Any images in the material are to be dropped while every line is retyped exactly.

RECORDED INFORMATION:
----------------------------------------
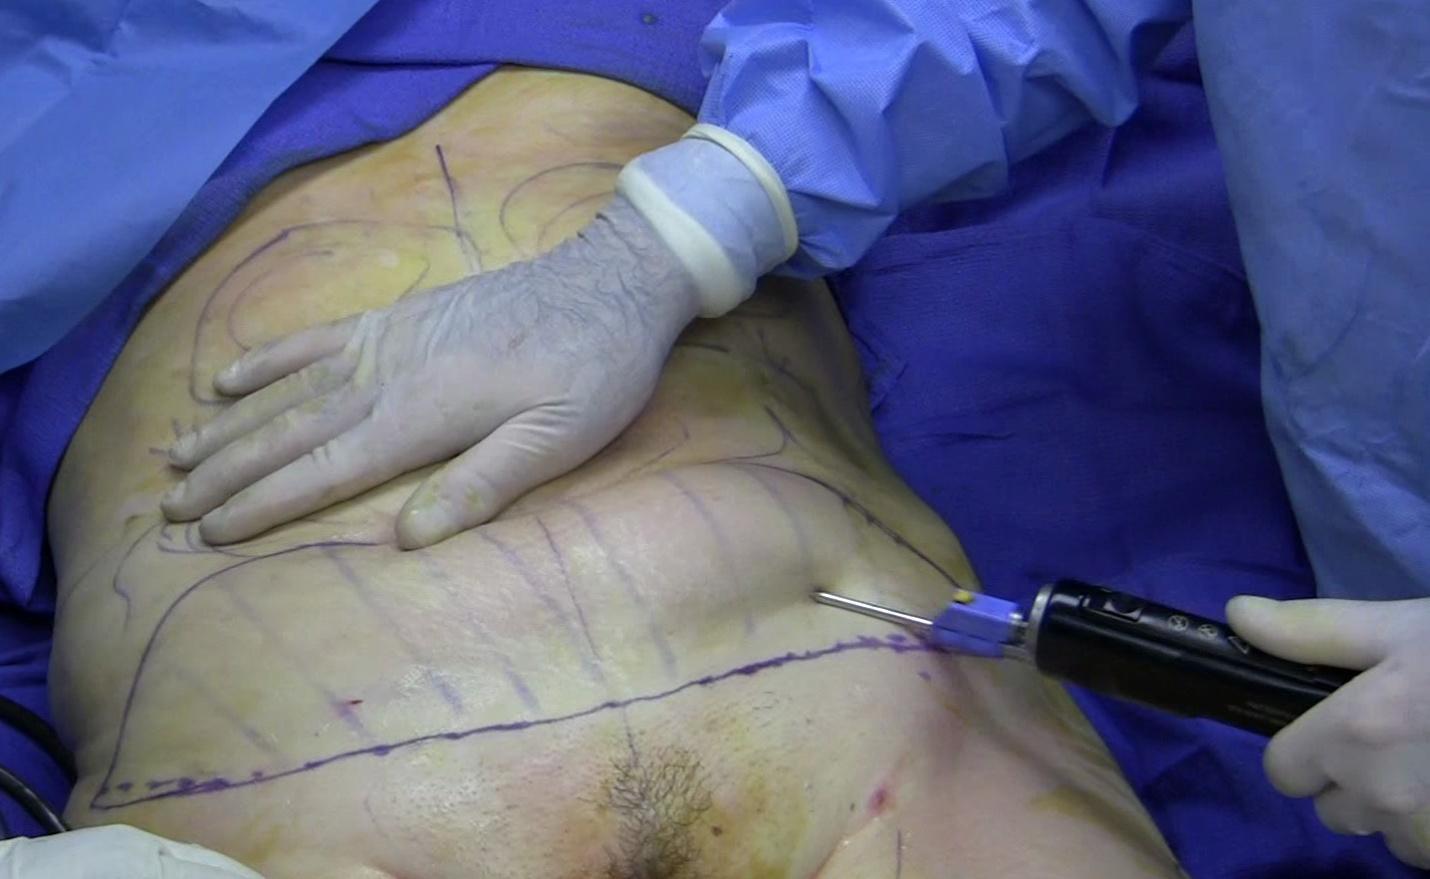 Liposuction - Wikipedia
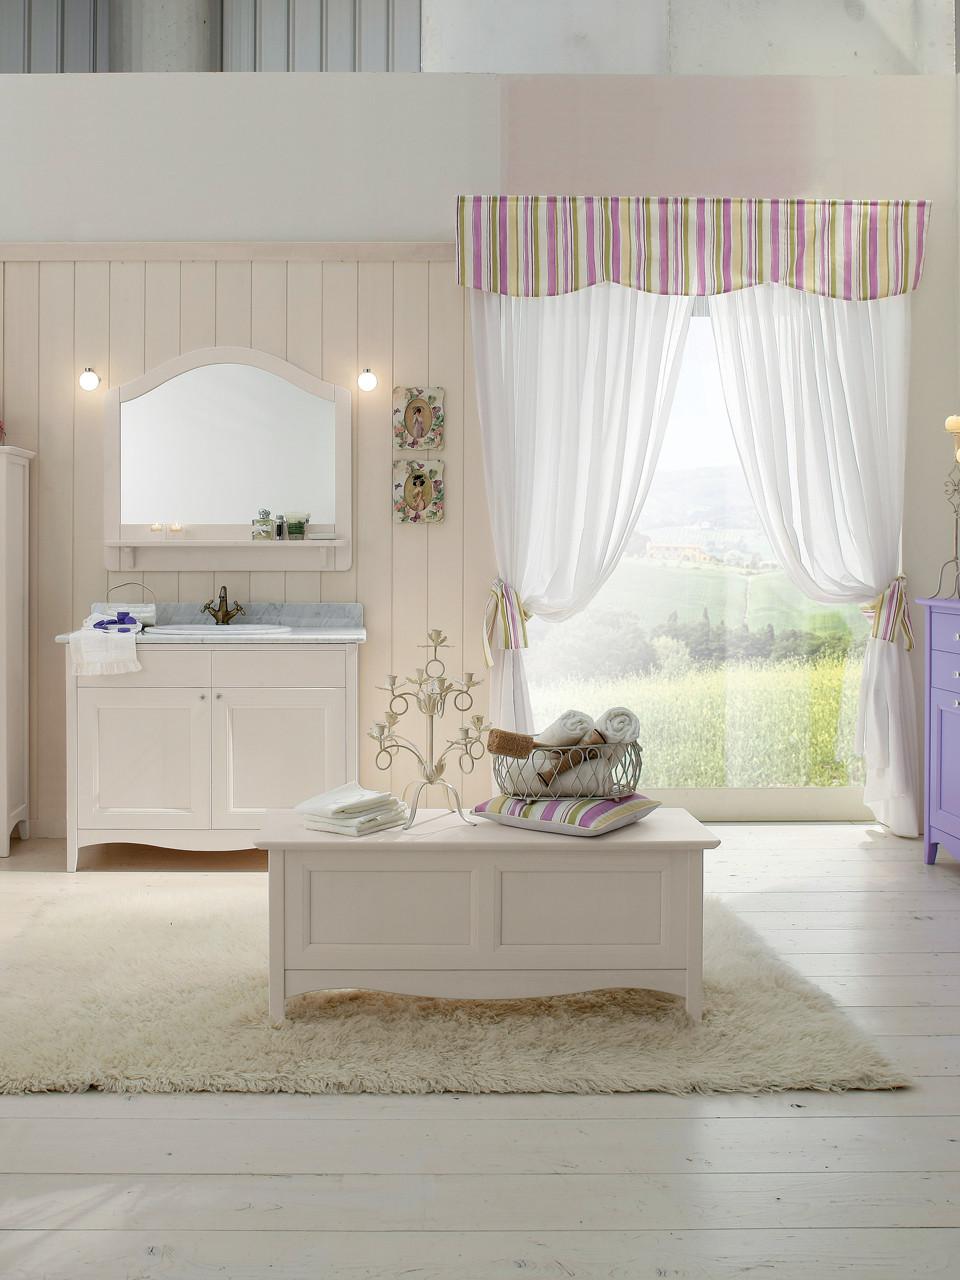 Beautiful negozi arredo bagno milano contemporary for Negozi mobili da giardino milano
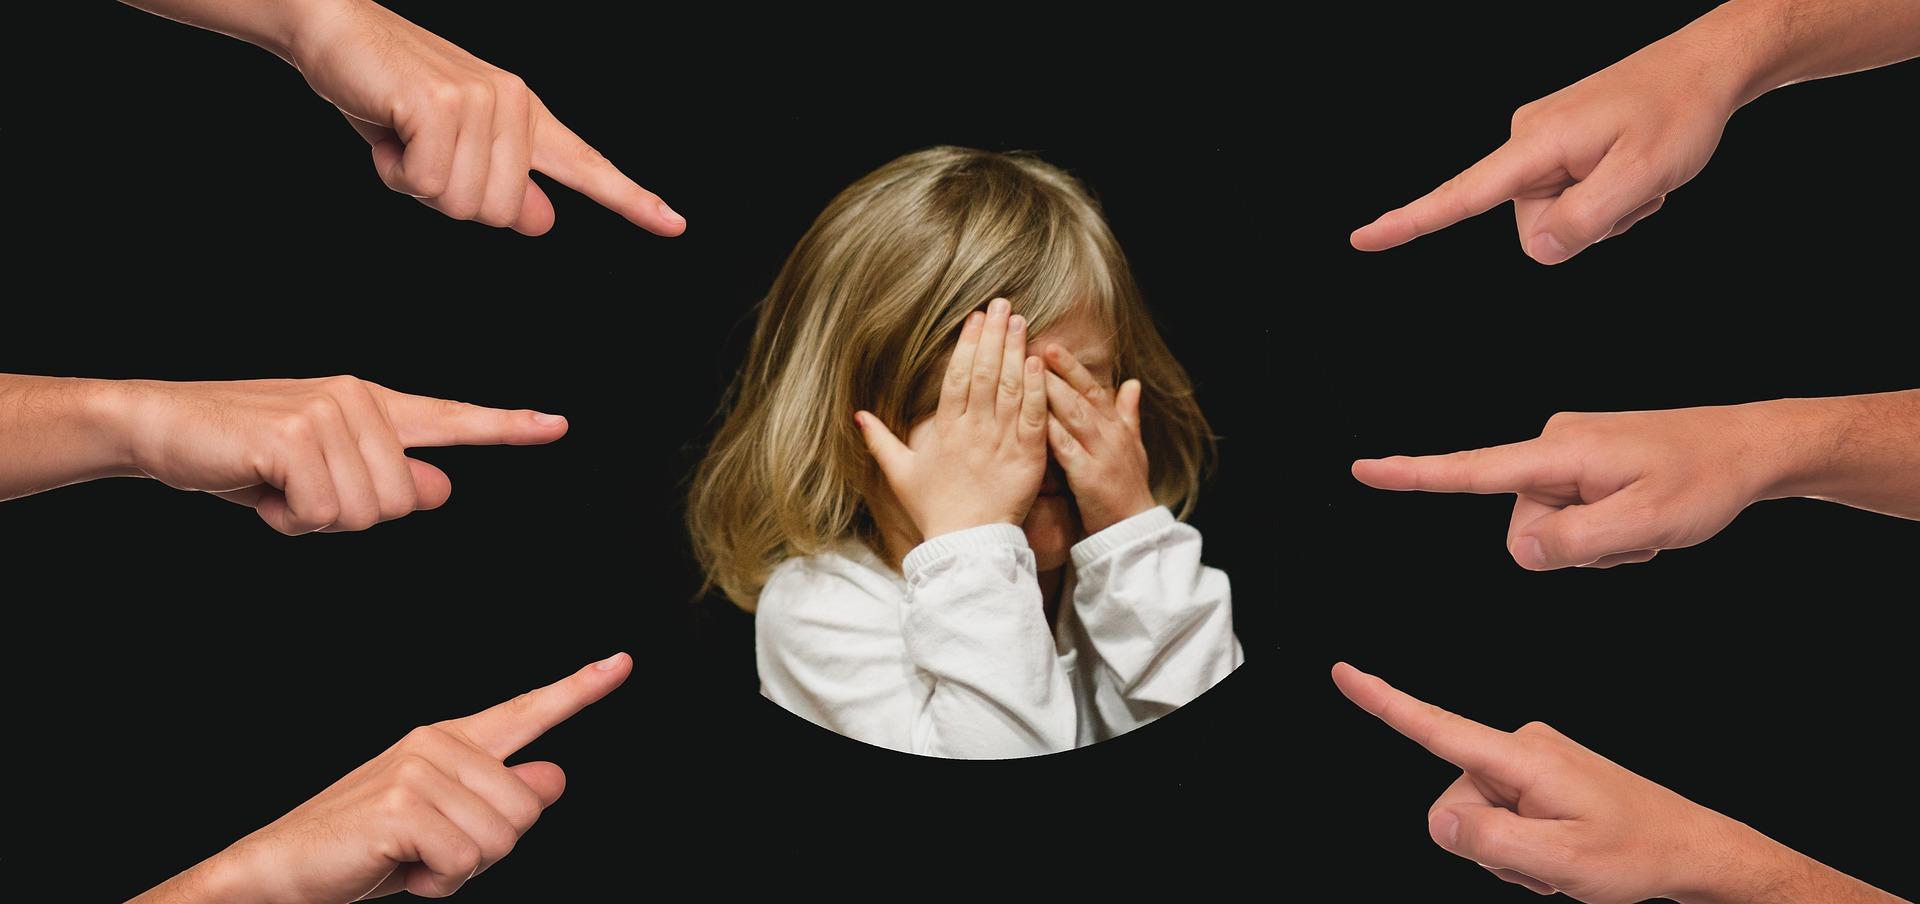 ABUSO DE NIÑOS: CÚAL ES EL PERFIL PSICOLÓGICO DE UN PEDERASTA
----------------------------------------
TASK RESPONSE:
 Liposuction - Wikipedia
 Beautiful negozi arredo bagno milano contemporary for Negozi mobili da giardino milano
 ABUSO DE NIÑOS: CÚAL ES EL PERFIL PSICOLÓGICO DE UN PEDERASTA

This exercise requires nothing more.